Looking at programming languages, you can express your ideas in any language – it is possible, indeed, to develop an ERP system in assembly. But assembly is not the best tool for that task – as years passed, our industry developed better tools for developing business applications.

The same goes with databases – you can model the same domain in relational databases and NoSQL/document databases. There are no technical limitations. However, many developers will find document-oriented modeling as more natural compared to relational modeling. Document-oriented models are closer to real-life documents that are modeled, and you need to make fewer adjustments than dictated by the technical aspects of your database.

Your habits will be the single biggest obstacle when working with document databases. Over the years, if not decades, you were doing things in one manner, and now, all of a sudden, you need to give up, forget about all the best practices, and start following a new set of best practices in a leap of faith.

Relational databases are based on tables and relationships between them. And, when modeling for RDBMS, you are following that. We can model everything as a set of tables in a relational database, but that same thing can also be modeled as a document in the NoSQL database. The real challenge is creating a model that would enable you to leverage features offered by the concrete database you are using. A suitable and appropriate document data model can make your life easier and make you almost completely forget about the database – your database can become a “boring” component of your development cycle.

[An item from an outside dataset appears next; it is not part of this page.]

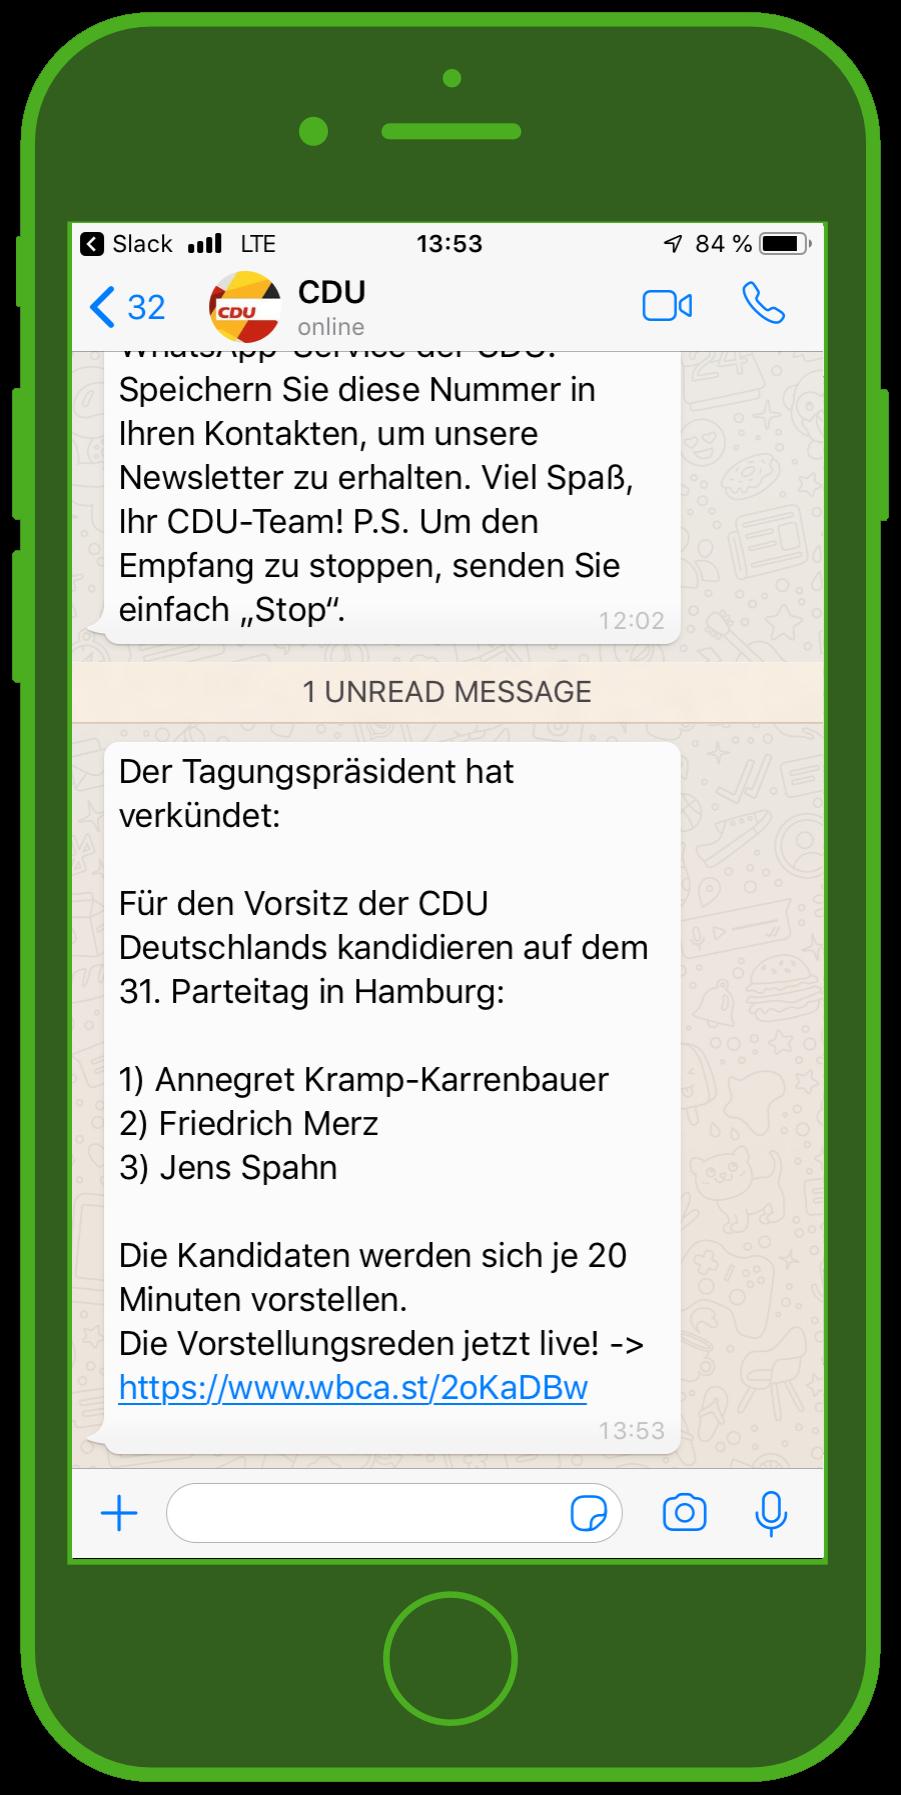 parteien-und-whatsapp-device-cdu-bundesparteitag-hh-2018-6

So, the first rule of good document-oriented modeling is “Do not apply relational database modeling techniques to NoSQL.” Relational and Document databases are two different worlds. They apply different paradigms, have different approaches, and have completely different philosophies.

If you fail to follow this advice, you will end up with an inappropriate and suboptimal model. That can make your life harder and make you fight your database even with simple tasks. However, you should treat your database not as your enemy. It would help if you treated it as your ally and friend. And friends are there to help.

JSON Documents

The first essential characteristic of NoSQL document databases is the format in which they are storing documents. For most NoSQL databases, JSON is either a native or supported format. Specified in the early 2000s by Douglas Crockford, JSON stands for JavaScript Object Notation . This format is textual, standardized by ECMA, and even though it is a subset of JavaScript, JSON is language-independent.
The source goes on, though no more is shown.